VGGT: 5 Images → 3D in 62ms — TensorRT Optimization for CVPR 2025 Best Paper

A hands-on benchmark, a COLMAP comparison, and a full TensorRT FP16 conversion of a 1.26B-parameter 3D reconstruction Transformer.

If you’ve spent any time with COLMAP for Structure-from-Motion, you know the part I mean: the waiting. Feature extraction, then pairwise matching, then bundle adjustment, and the matching step alone scales O(n²) in the number of images. You go make coffee.

VGGT skips all of that. One forward pass and you get camera poses, depth maps, a point cloud, and point tracks, all at once. It picked up the CVPR 2025 Best Paper Award, and after using it for a while I get why.

So in this post I run it on an RTX 5090, put it head to head with COLMAP, and then spend most of my time on the thing I actually wanted to do: convert the whole model to TensorRT FP16. Jumping ahead to the result, that gets me 6.9x on real images with roughly 0.13% accuracy loss.

What Is VGGT?

VGGT, short for Visual Geometry Grounded Transformer, comes out of Meta and Oxford and weighs in at 1.26B parameters.

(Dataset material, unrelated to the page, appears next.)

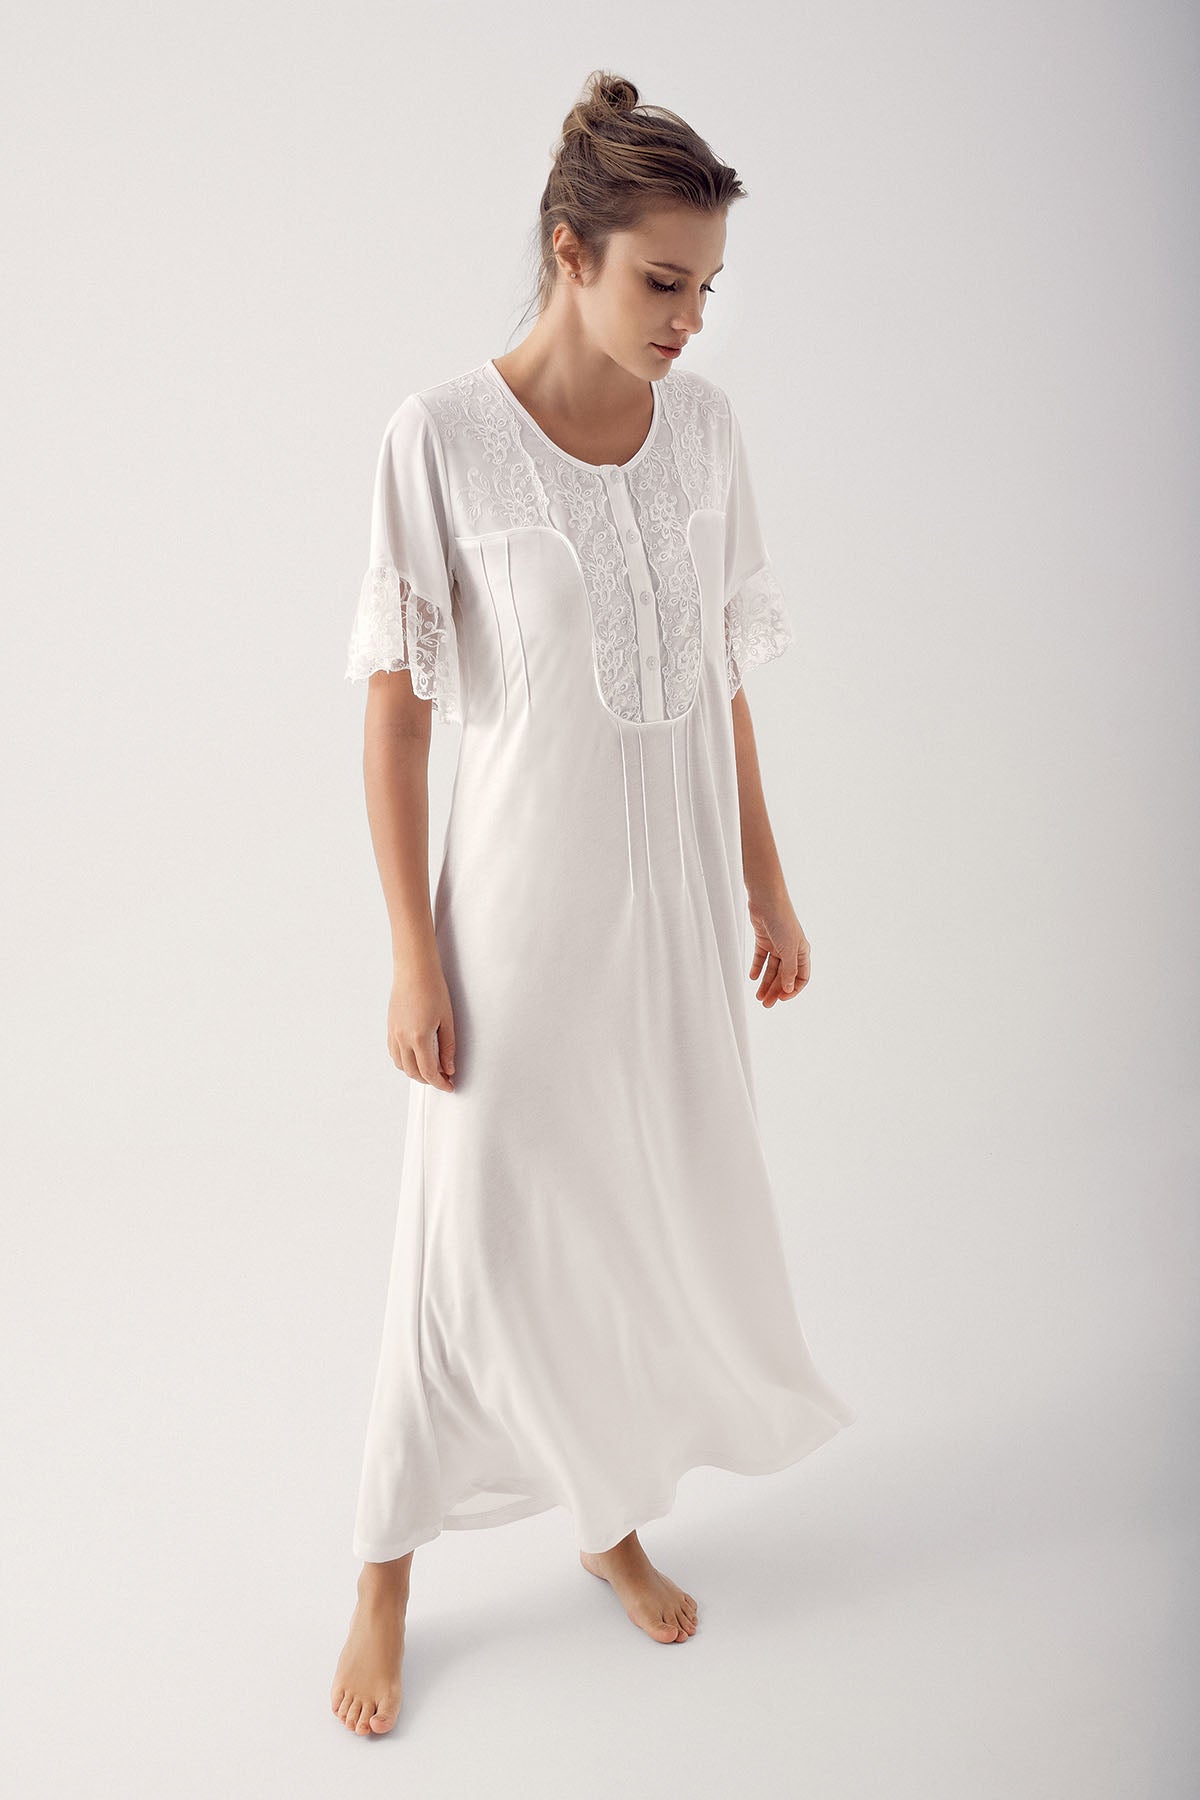 Shopymommy 14105 Collar And Sleeve Lace Maternity & Nursing Nightgown Ecru

The old way (COLMAP) was a pipeline of separate stages: feature extraction, pairwise matching, bundle adjustment, dense reconstruction. Each stage stood on its own, errors from one fed into the next, and every one of them had knobs you had to tune.

VGGT collapses that into a single Transformer. A DINOv2 backbone turns the images into tokens, 24 layers of alternating self-attention (within each frame, then globally across frames) mix everything together, and a set of task-specific heads produce the outputs in parallel. Nothing after that. No iterative refinement, no cleanup pass.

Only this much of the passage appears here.